Ms. Orman had a show on CNBC for more than a decade and now makes corporate speeches on personal finance. Mr. Ramsey has a syndicated radio show, and Mr. Kiyosaki appears frequently on television and conducts seminars.
As for quality, Ms. Ormans book is the best of the three for standard financial issues, though each has an undeniable appeal.
The good things about Ms. Ormans book start with her ability to reduce financial planning to its basics, and with her sensible suggestions on how to reach your personal goals.
Unrealistic budget cuts, like unrealistic diets, never work, she writes. Pare back modestly here and there, she says, rather than try to make big trims. And Ms. Orman emphasizes often-overlooked aspects of adult life like writing a proper will and appointing someone who will be able make health care decisions for you, in case, at some point, you cant.

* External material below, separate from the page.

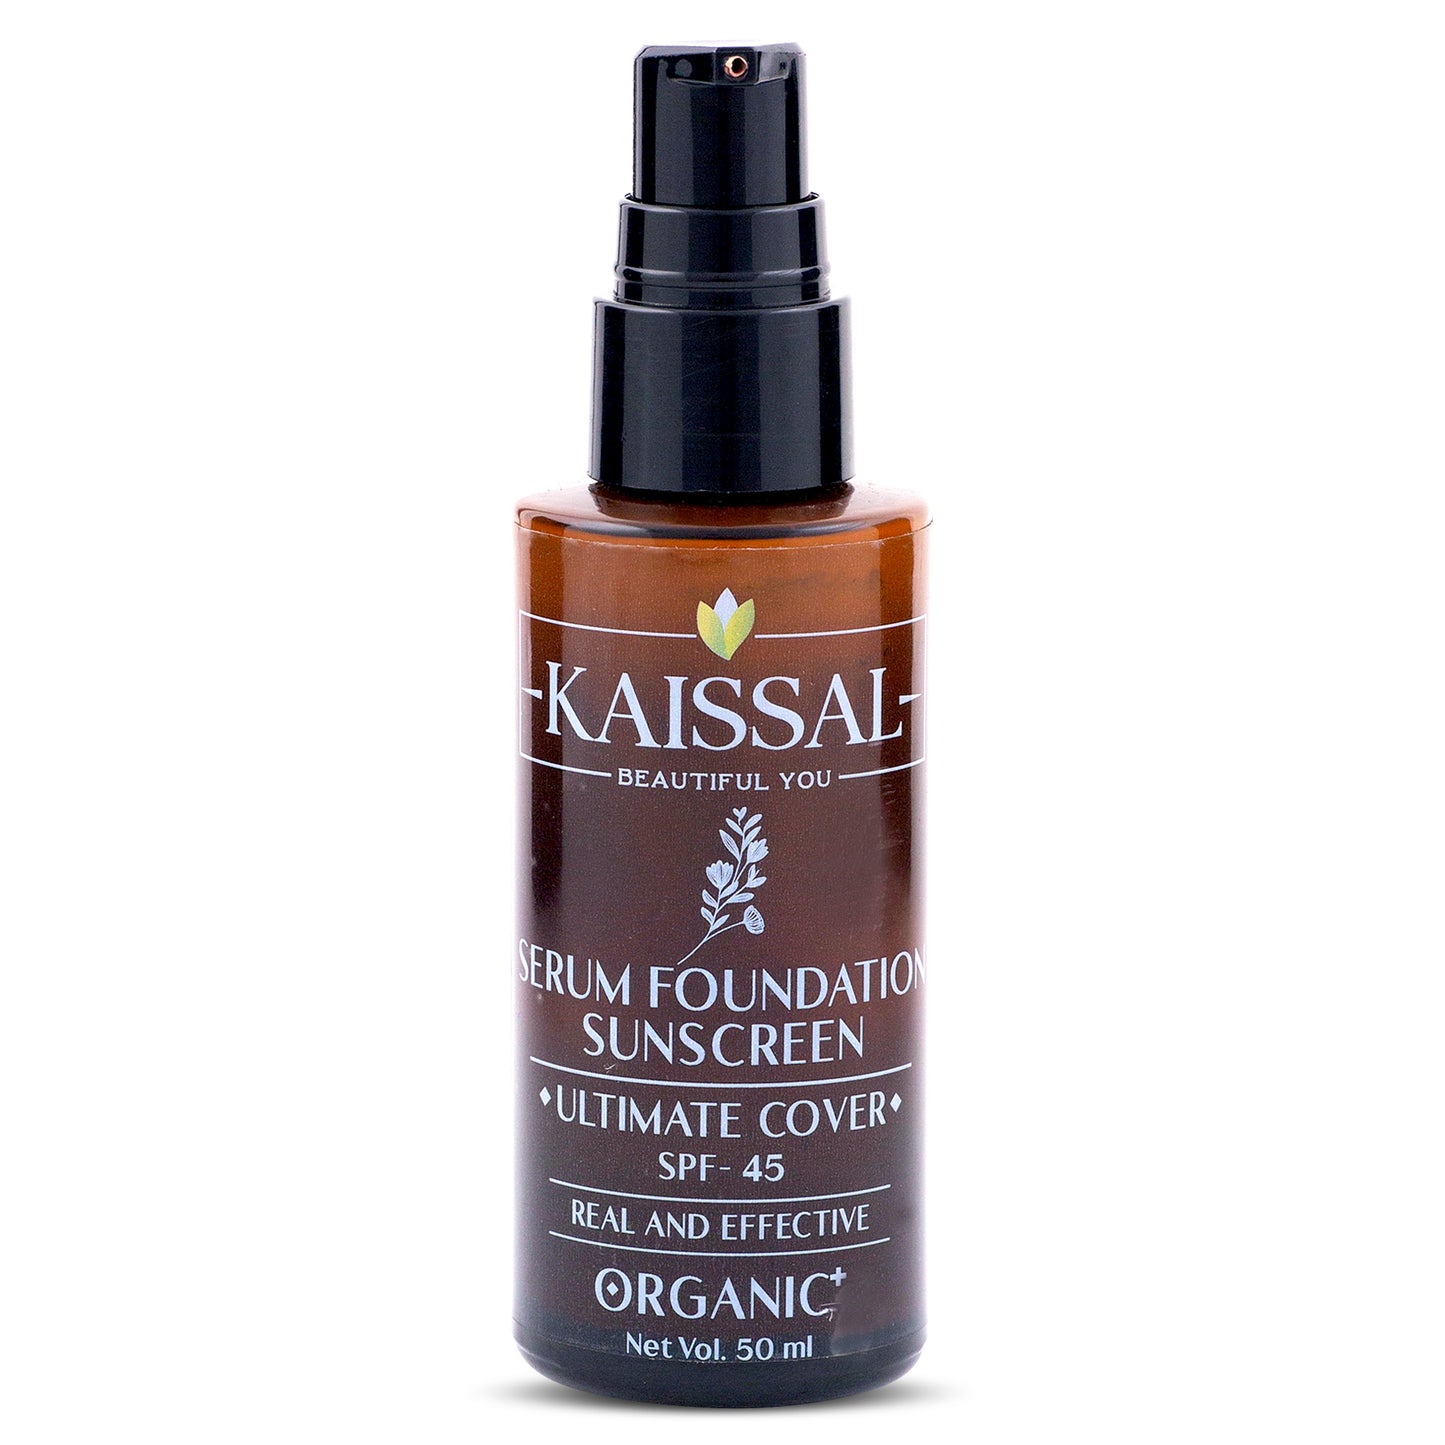 Kaissal's Serum Foundation Sunscreen: The Perfect Blend of Sunscreen and Skincare - SPF-45 - 50gm

While she doesnt offer detailed financial advice here, Ms. Orman, a former stockbroker, does recommend that you own index funds and diversify your holdings.
Unfortunately, the book is a bit out of date. It was first published in 1997, hasnt been revised since 2012 and contains references to events like the Dow closing at 11,000. That last happened in 2010.
Her tone is supportive and intimate, and it frequently veers into the ethereal.
Most unconventional idea: Money is a living entity and it responds to energy exactly the same way you do. It is drawn to those who welcome it, those who respect it.
Questionable advice: Even if you own just one mutual fund, your money is still quite diversified, because you own a little of everything theyre invested in.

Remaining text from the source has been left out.